Share your opinion and earn yourself a free Motley Fool premium report!

We are looking for Fools to join a 75 minute online independent market research forum on 15th / 16th December.

To find out more and express your interest please click here

Should I follow the chief executive into these UK shares right now?

This UK company director just bought shares in the business he manages – is the timing right and should I buy some too?

| More on:

The content of this article was relevant at the time of publishing. Circumstances change continuously and caution should therefore be exercised when relying upon any content contained within this article.

Portrait of pensive bearded senior looking on screen of laptop sitting at table with coffee cup.

Image source: Getty Images

You’re reading a free article with opinions that may differ from The Motley Fool’s Premium Investing Services. Become a Motley Fool member today to get instant access to our top analyst recommendations, in-depth research, investing resources, and more. Learn More.

My assumption is that company directors buy the UK shares of their own businesses for one reason – because they think they’ll make money.

That said, sometimes a share purchase can be for cosmetic reasons.

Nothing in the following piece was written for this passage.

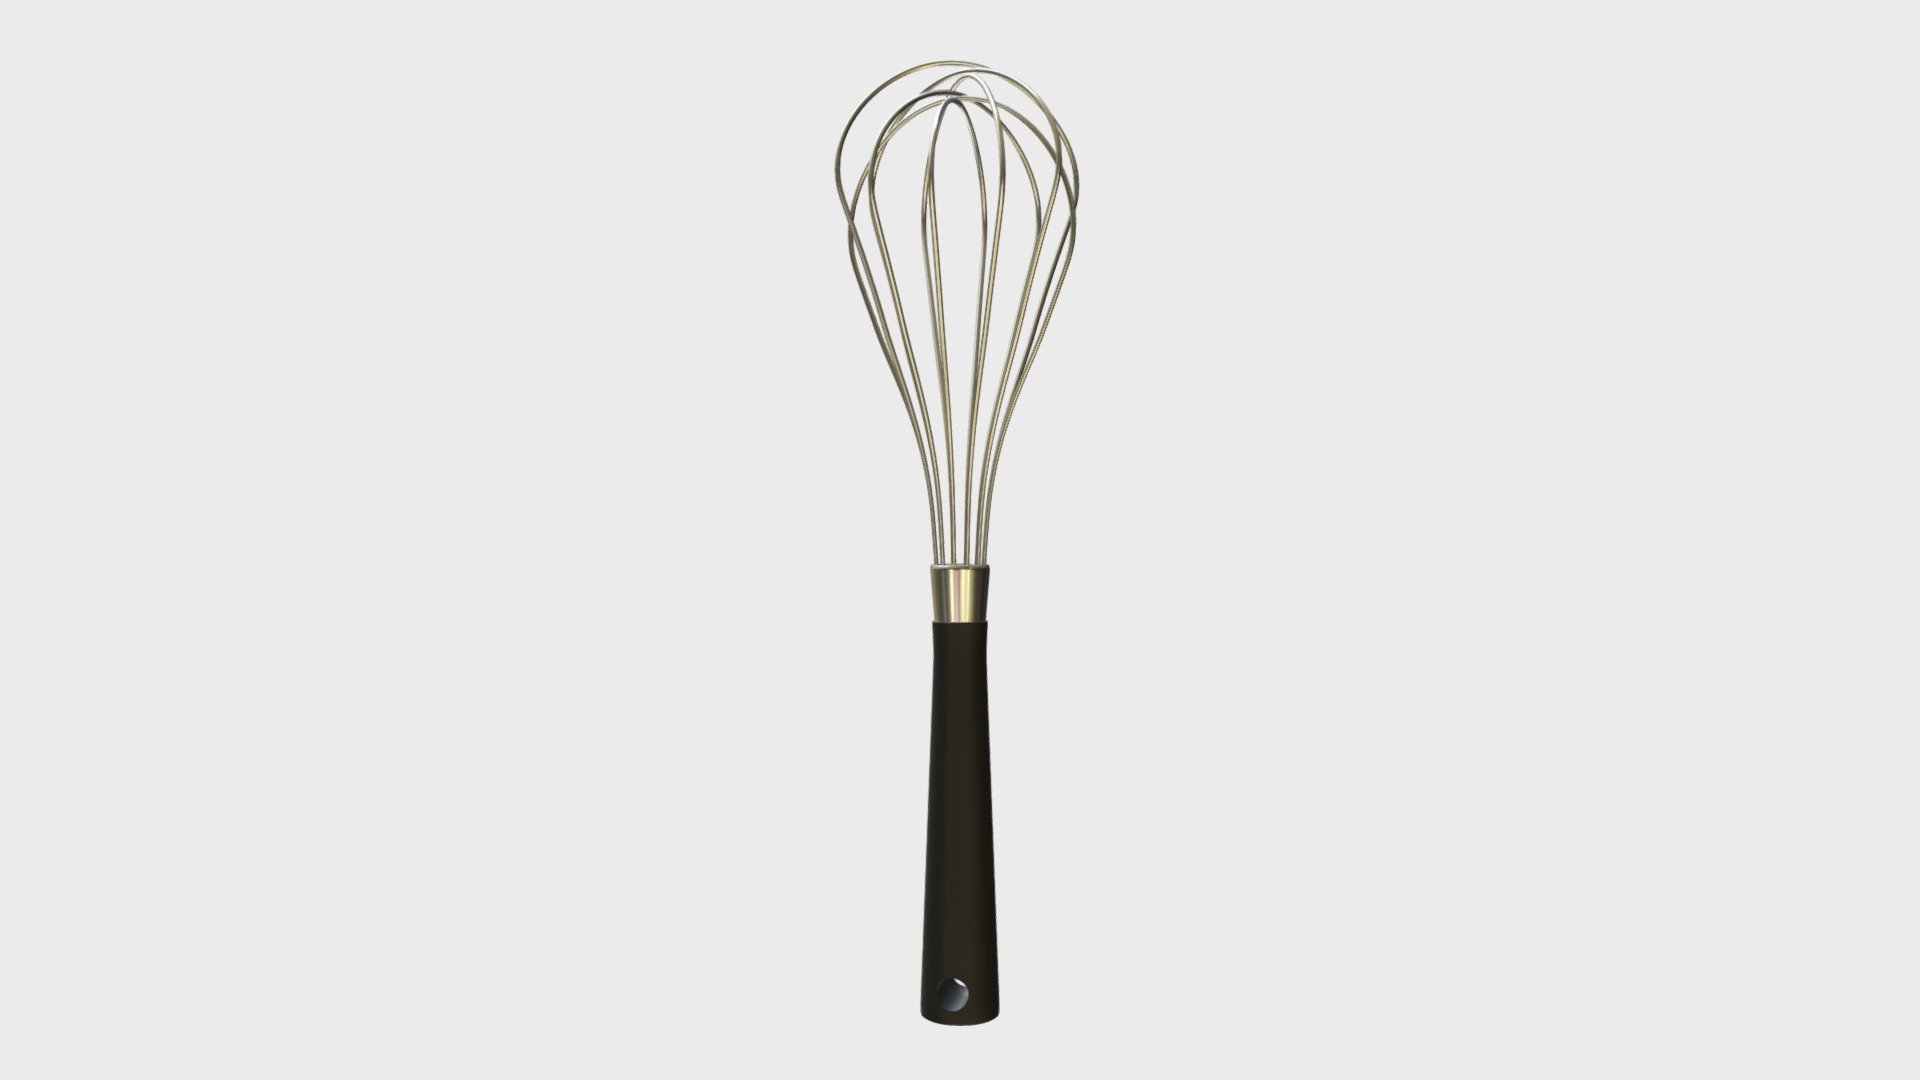 Kitchen whisk with a black handle
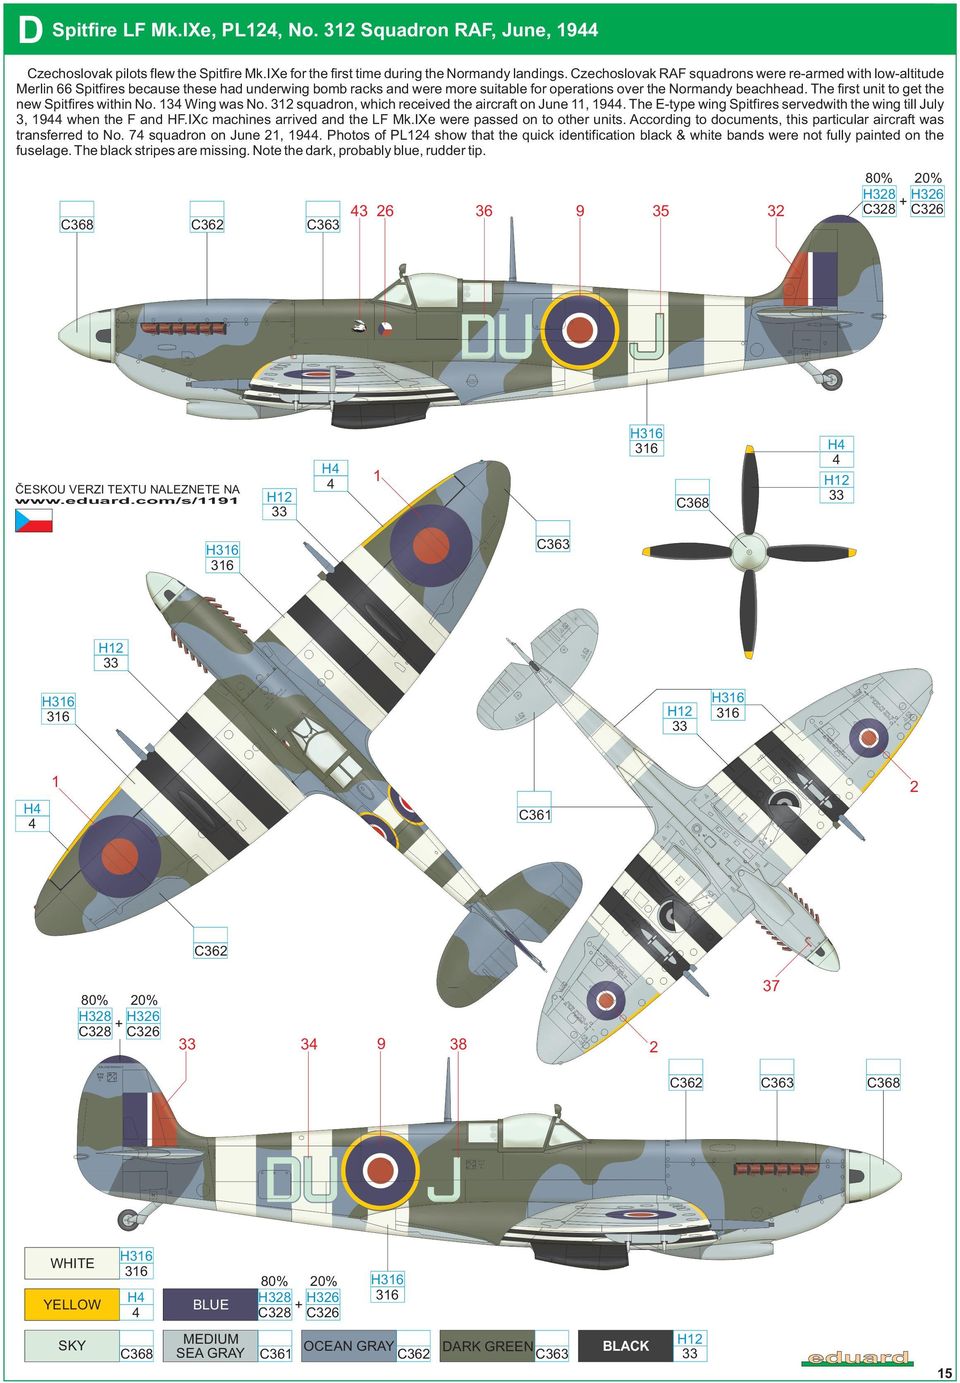 The first unit to get the new Spitfires within No. 13 Wing was No. 312 squadron, which received the aircraft on June 11, 19.

After all, it can look bad if the top managers don’t think the companies they run are worth an investment.

However, if the purchase of shares is big enough to ‘hurt’, maybe that’s proper skin in the game. So it’s worth looking at businesses with recent director share purchases.

Cyclical recovery and growth

Small-cap company Braemar (LSE: BMS) is a good example. On 23 May, chief executive James Gundy bought 6,600 shares at a price of 290.5p each, costing £19,173.

Maybe that’s small-fry compared with a typical chief executive’s annual pay packet. However, the purchase topped up his holding in Braemar to 778,765 shares.

The business provides “expert” investment, chartering and risk management advice to the shipping and energy markets. However, the multi-year financial and trading record shows volatility in earnings, cash flow and shareholder dividends.

That all suggests the presence of cyclical risks in the business and the sector. The share price chart tells a similar story:

Economic times have been challenging everywhere over the past few years. But I’m optimistic that we’ll see improvements ahead. Meanwhile, the stock’s been recovering from the 2020 lows it hit during the pandemic.

Can that recovery continue? Well, on 23 May, the company released its full-year results report for the period to 29 February. Revenue came in flat, but underlying earnings per share dropped by 21% year on year.

Nevertheless, the directors increased the shareholder dividend by 8% and issued an optimistic outlook statement.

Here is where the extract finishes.